0
0
Data Analysis Pythondata~5 mins

Polynomial features in Data Analysis Python - Time & Space Complexity

Choose your learning style9 modes available
Time Complexity: Polynomial features
O(n * m^2)
Understanding Time Complexity

We want to understand how the time to create polynomial features grows as the input data size and feature count increase.

How does the work change when we add more data or more features?

Scenario Under Consideration

Analyze the time complexity of the following code snippet.

from sklearn.preprocessing import PolynomialFeatures

poly = PolynomialFeatures(degree=2, include_bias=False)
X_poly = poly.fit_transform(X)

This code creates new features by combining original features up to degree 2 for each data point.

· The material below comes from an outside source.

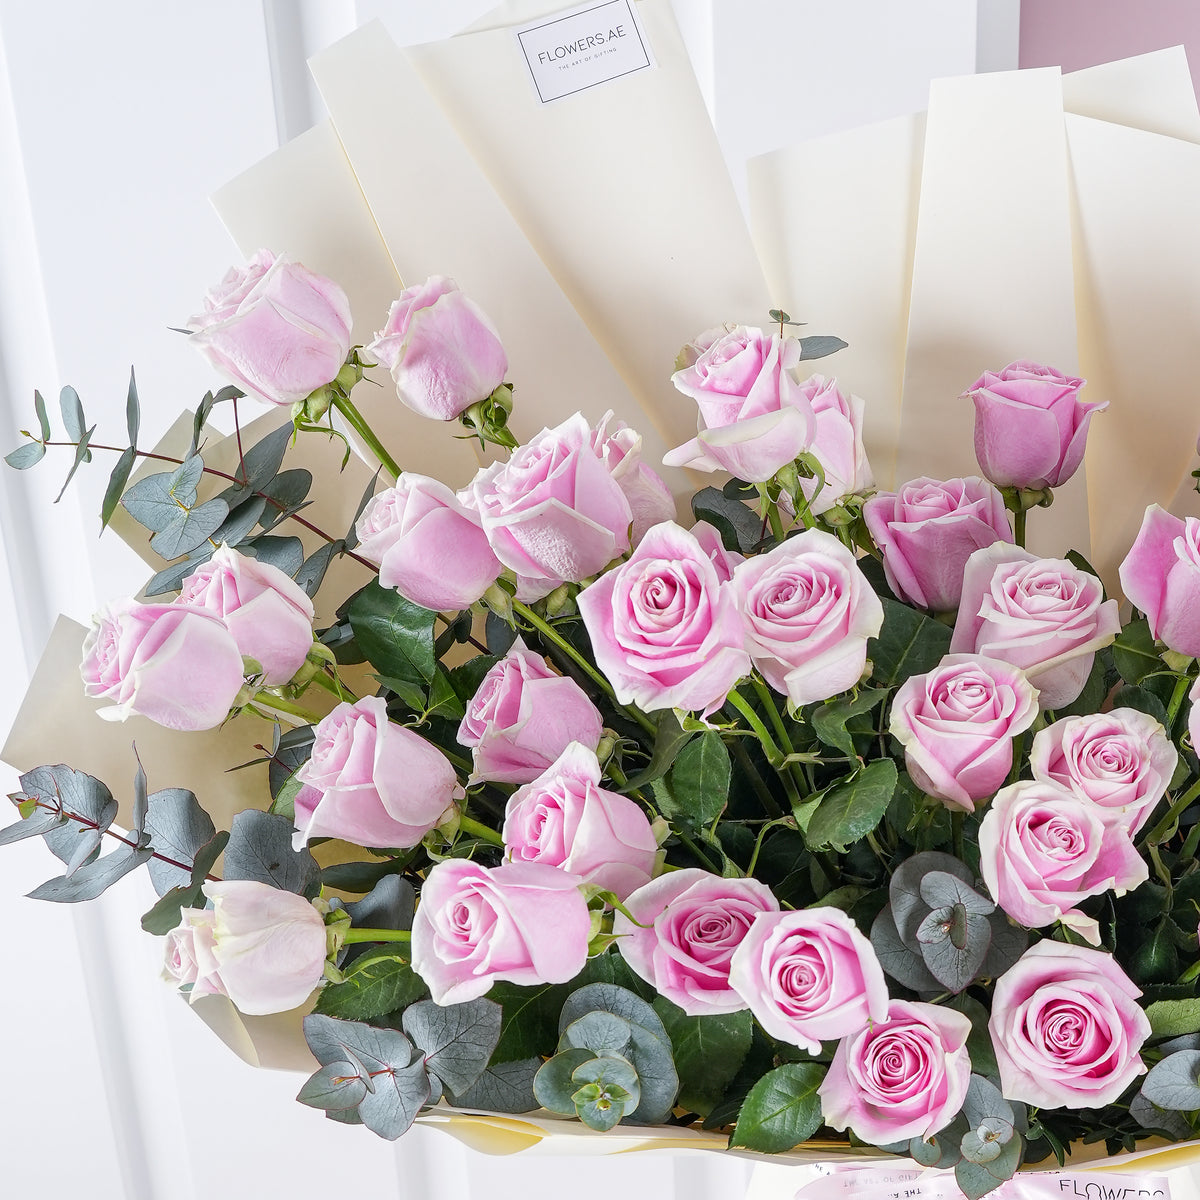 50 Pink Roses

Identify Repeating Operations

Identify the loops, recursion, array traversals that repeat.

  • Primary operation: Generating all combinations of features up to degree 2 for each data point.
  • How many times: For each of the n data points, the code creates about m + m(m+1)/2 new features, where m is the number of original features.
How Execution Grows With Input

As the number of data points (n) grows, the work grows linearly because each point is processed once. But as the number of features (m) grows, the number of new features grows roughly with the square of m.

Input Size (n)Approx. Operations (for fixed m=10)
10~10 * (10 + 55) = 650
100~100 * 65 = 6,500
1000~1000 * 65 = 65,000

Pattern observation: Operations grow linearly with data points but quadratically with features.

Final Time Complexity

Time Complexity: O(n * m^2)

This means the time grows linearly with the number of data points and roughly with the square of the number of features.

Common Mistake

[X] Wrong: "The time only depends on the number of data points, not the number of features."

[OK] Correct: Because polynomial features combine original features, the number of new features grows quickly with more original features, increasing the work.

Interview Connect

Understanding how feature transformations affect time helps you explain trade-offs clearly and shows you can think about scaling data processing steps.

Self-Check

"What if we increased the polynomial degree from 2 to 3? How would the time complexity change?"